[英]Parsing table data with jsoup
I am using jsoup in my android app to parse my html code but now I need parse table data and I can not get it to work. 我在我的Android应用程序中使用jsoup解析我的html代码,但是现在我需要解析表数据,但无法正常工作。 I try many ways but not successful so I want try luck here if anyone have experience.

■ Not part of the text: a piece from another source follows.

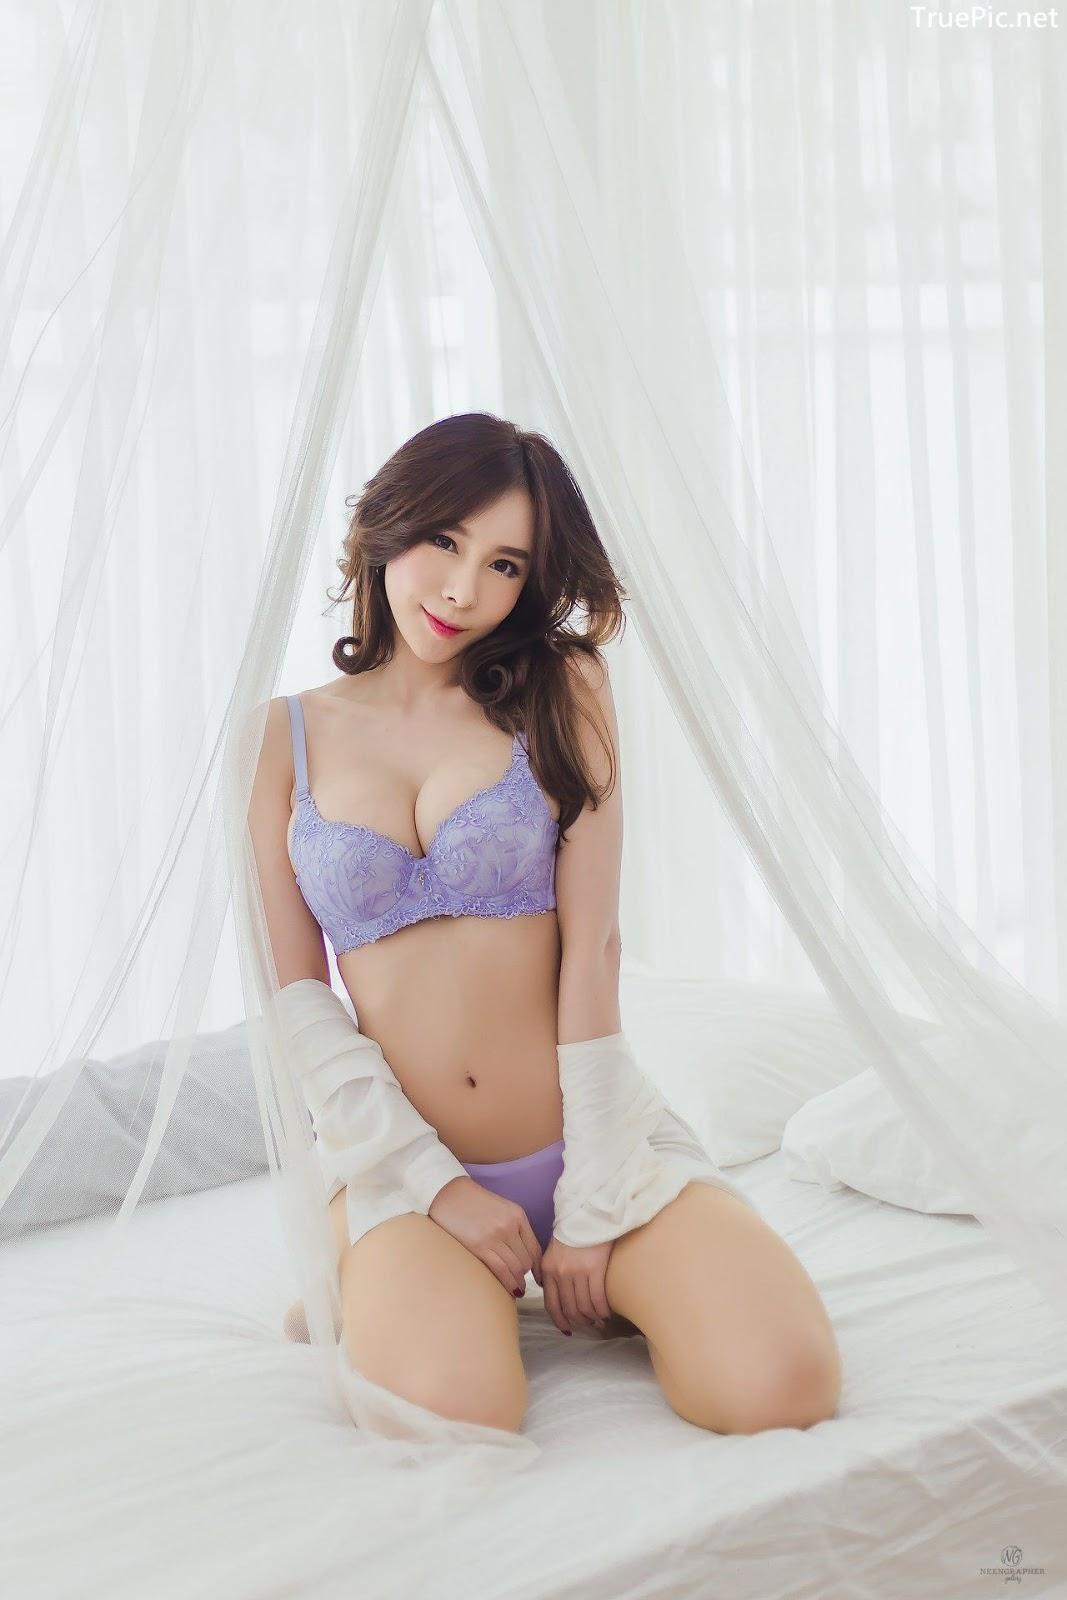 Image-Thailand-Hot-Model-Skykikijung-Purple-Lingerie-TruePic.net- Picture-8
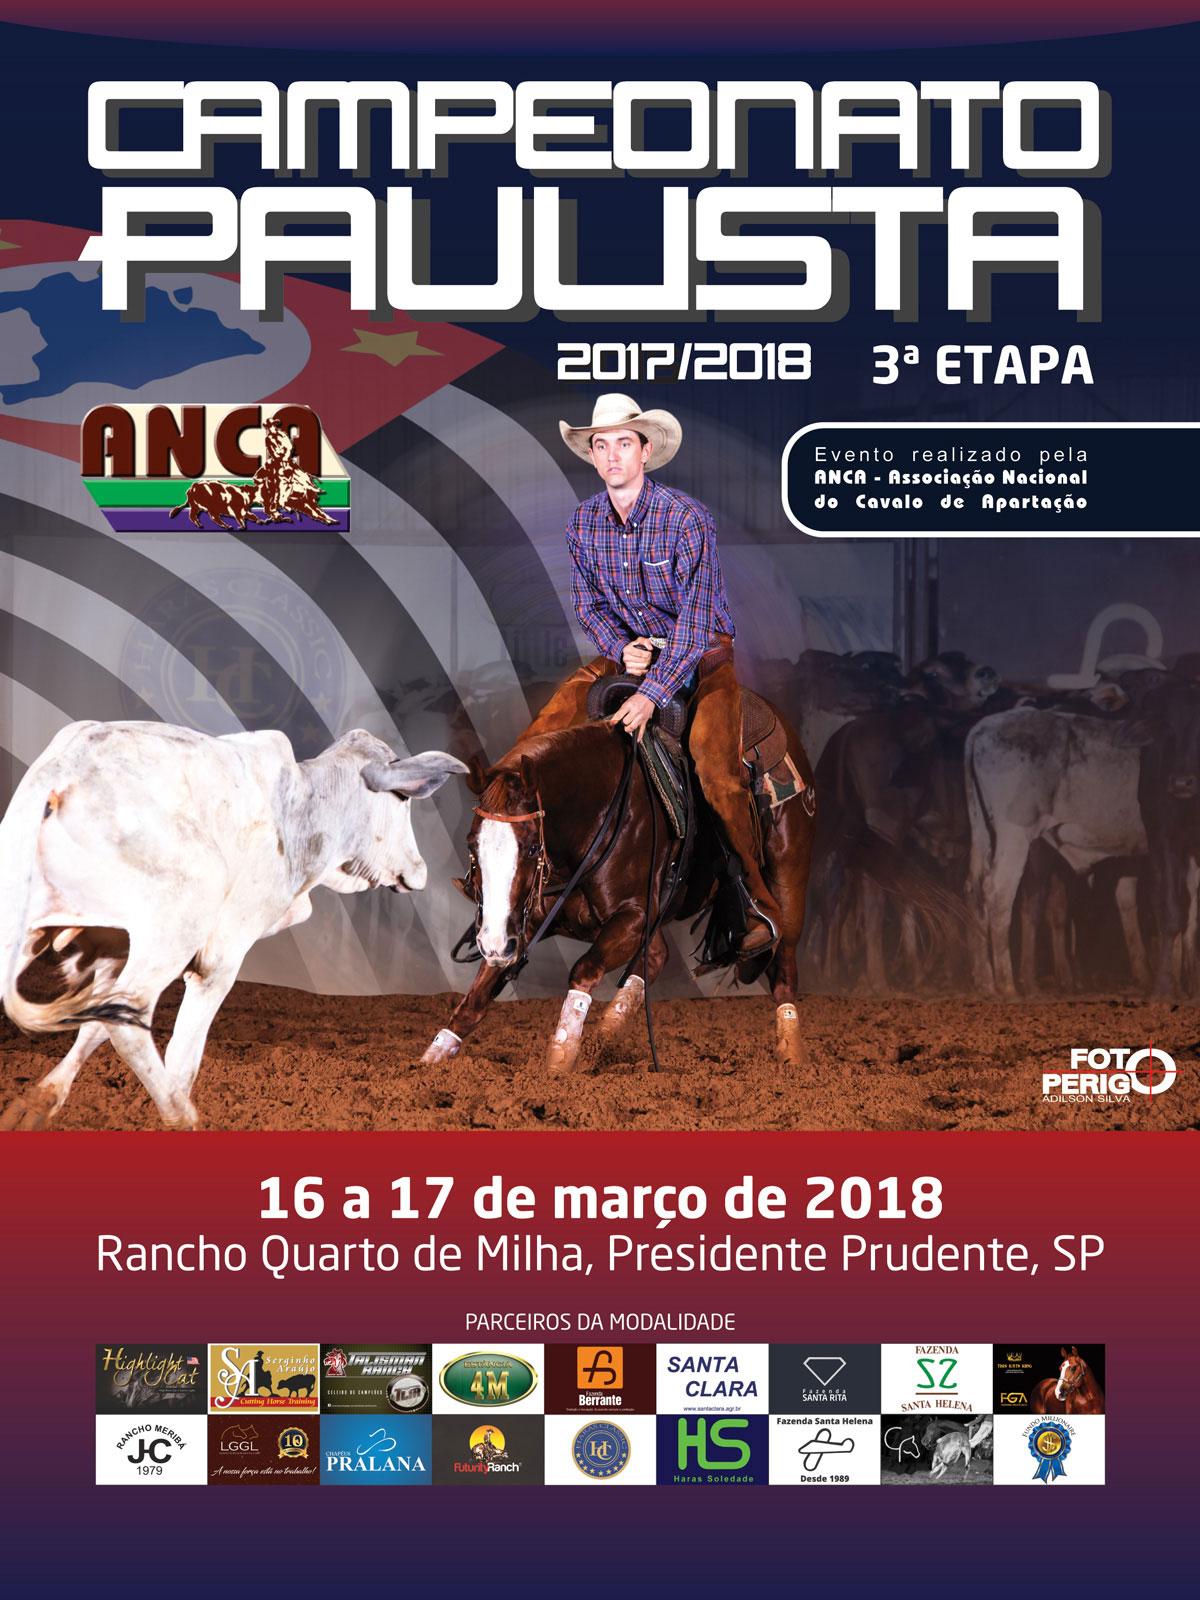 Campeonato Paulista ANCA 2017/2018 - 3ª Etapa

我尝试了很多方法,但都没有成功,所以如果有人有经验,我想在这里试试运气。
Here is part of my html: 这是我的html的一部分:
<div id="editacia_jedla">
<h2>My header</h2>
<h3>My sub header</h3>
<table border="0" class="jedalny_listok_tabulka" cellpadding="2" cellspacing="1">
<tr>
<td width="100" class="menu_nazov neparna" align="left">Food Menu 1</td>
<td class="jedlo neparna" align="left">vegetable and beef
<div class="jedlo_box_alergeny">Allergens: <a href="#" class="alergen_1">1</a>, <a href="#" class="alergen_3">3</a></div>
</td>
</tr>
<tr>
<td width="100" class="menu_nazov parna" align="left">Food Menu 2</td>
<td class="jedlo parna" align="left">Potato salad and pork
<div class="jedlo_box_alergeny">Allergens: <a href="#" class="alergen_6">6</a></div>
</td>
</tr>
</table>
etc
</div>
My java/android code: 我的Java / Android代码:
try {
String tableHtmlCode="";
Document fullHtmlDocument = Jsoup.connect(urlOfFoodDay).get();
Element elm1 = fullHtmlDocument.select("#editacia_jedla").first();
for( Element element : elm1.children() )
{
tableHtmlCode+=element.getElementsByIndexEquals(2); //this set table content because 0=h2, 1=h3
}
Document parsedTableDocument = Jsoup.parse(tableHtmlCode);
//Element th = parsedTableDocument.select("td[class=jedlo neparna]").first(); THIS IS BAD
String foodContent="";
String foodAllergens="";
}
So now I want extract text vegetable and beef and save it to string foodContent and numbera 1, 3(together) from div class jedlo_box_alergeny save to string foodAllergens. 所以现在我要提取文本蔬菜和牛肉 ,并将其保存到div类jedlo_box_alergeny的 foodContent和numbera 1、3(一起)中, 并保存到string foodAllergens。 Someone can help?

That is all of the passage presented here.